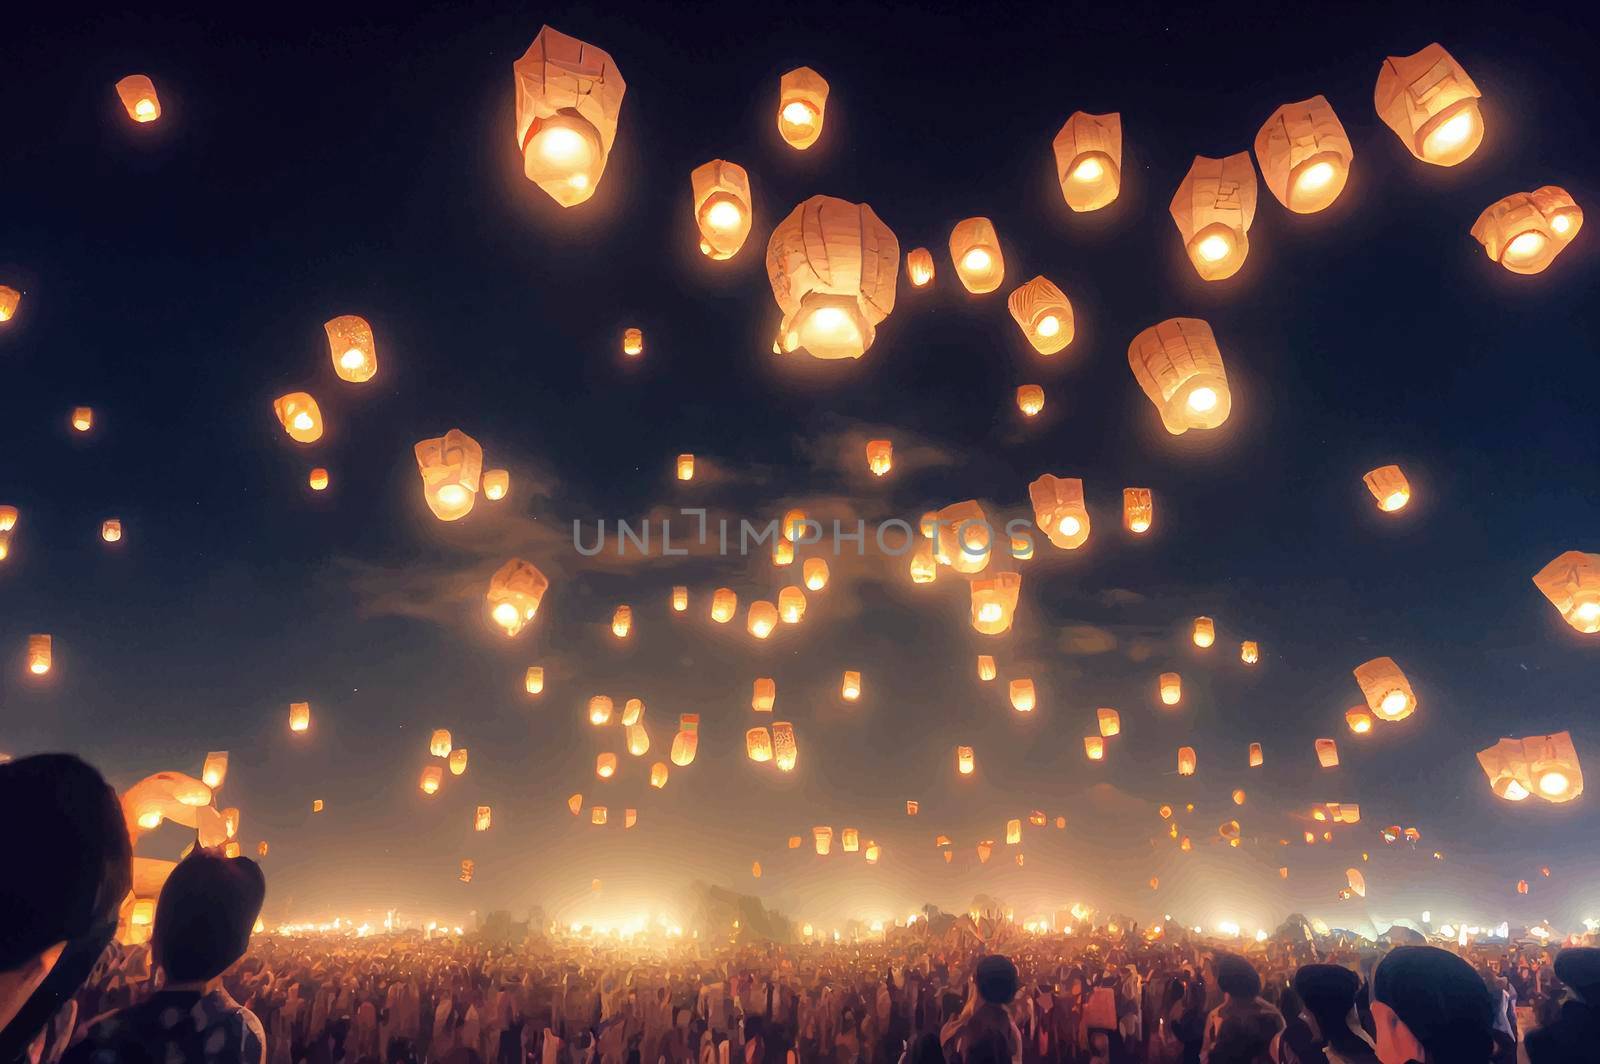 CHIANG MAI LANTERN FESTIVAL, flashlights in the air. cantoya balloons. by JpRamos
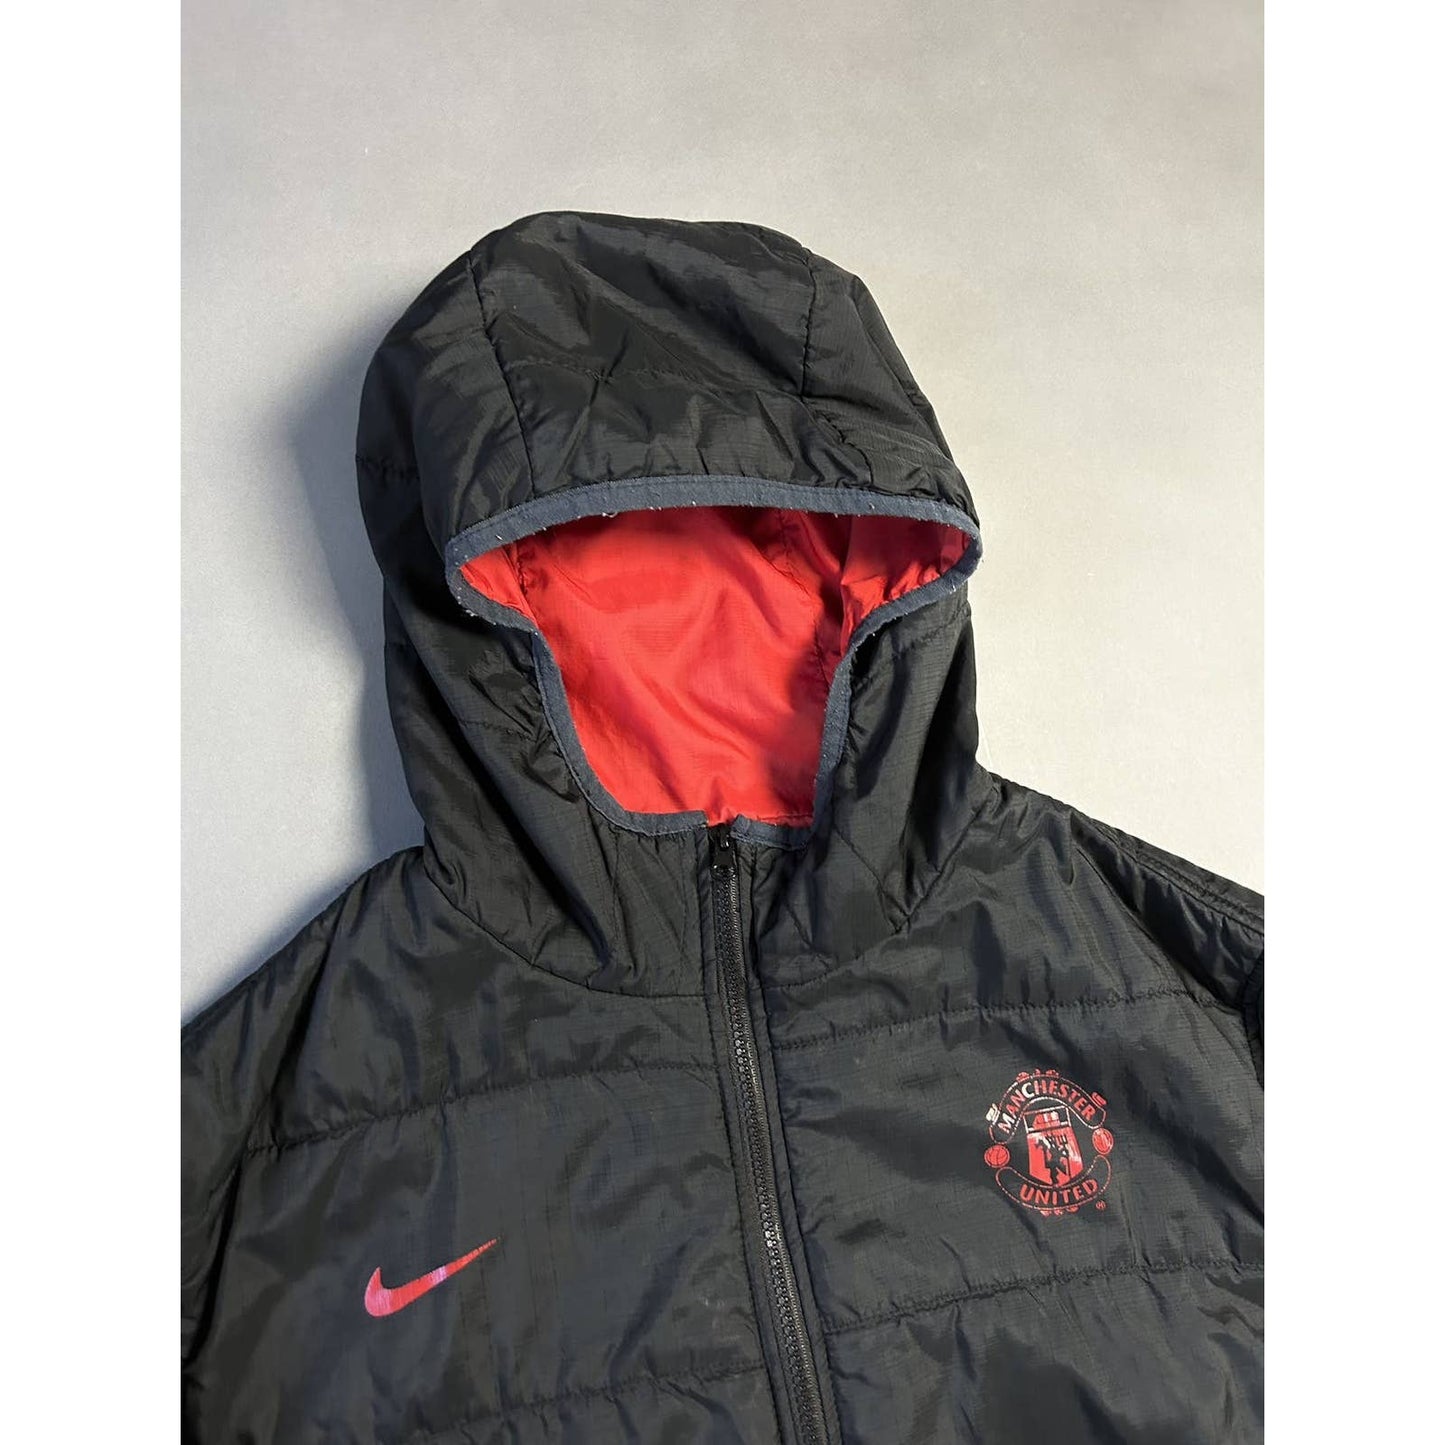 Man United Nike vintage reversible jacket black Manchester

==

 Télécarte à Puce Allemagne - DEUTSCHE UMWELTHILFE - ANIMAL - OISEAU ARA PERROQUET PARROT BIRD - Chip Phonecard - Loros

---

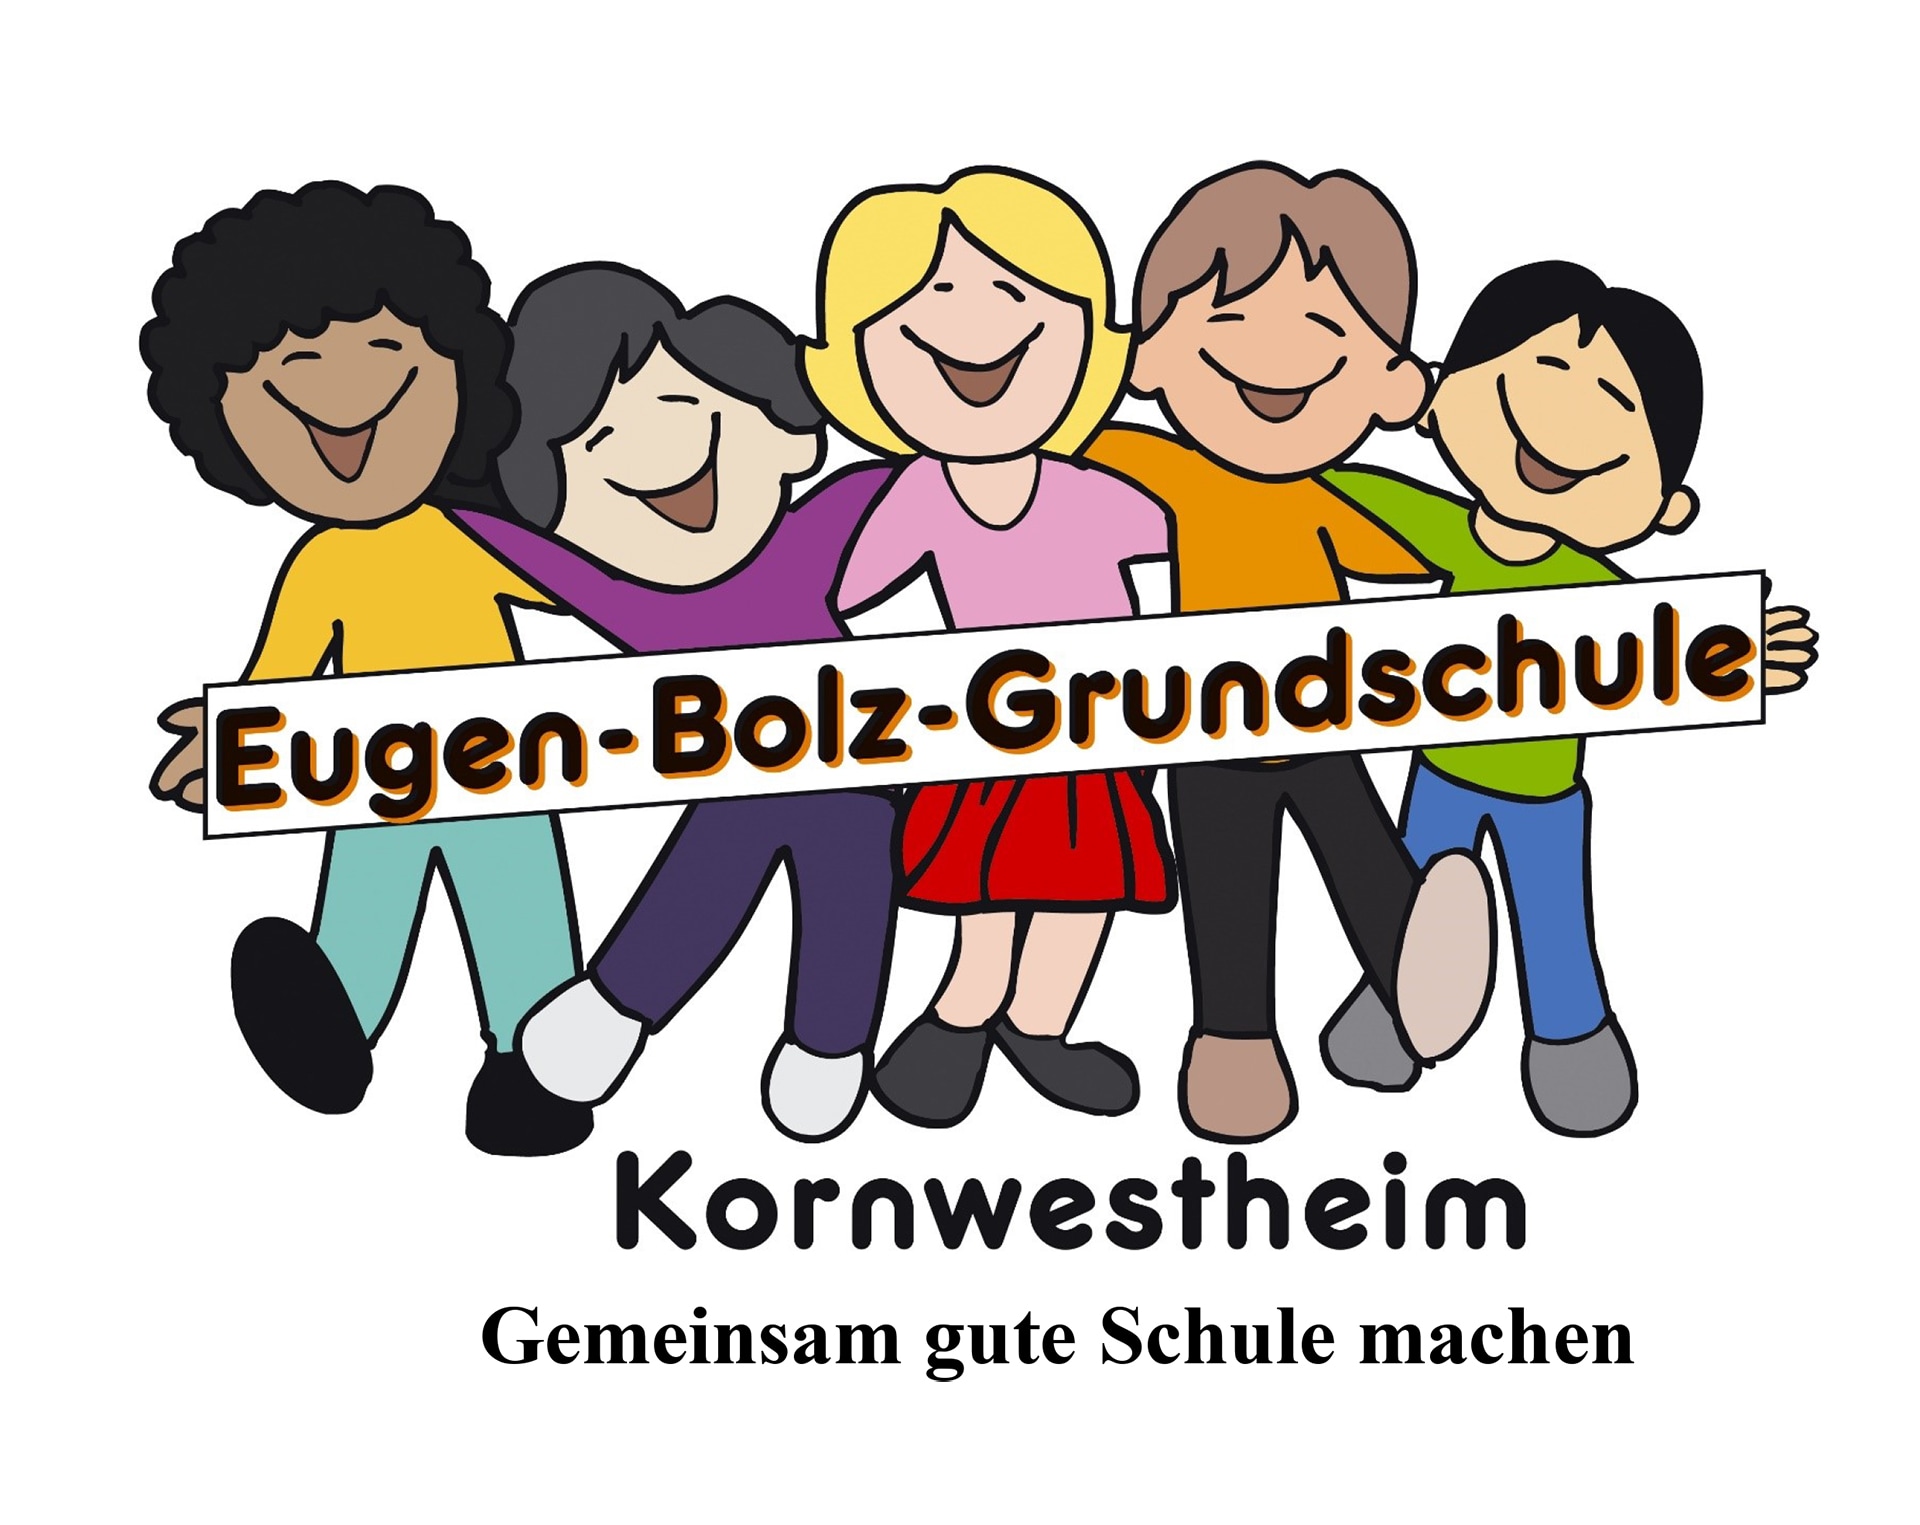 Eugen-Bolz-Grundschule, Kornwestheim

### ABOUT THIS EXERCISE
Using the records above, print exactly the lines between the ones containing "CHIANG MAI LANTERN" and "Man United Nike", inclusive, and nothing else; no pictures.

### EXERCISE SOLUTION
 CHIANG MAI LANTERN FESTIVAL, flashlights in the air. cantoya balloons. by JpRamos
 Man United Nike vintage reversible jacket black Manchester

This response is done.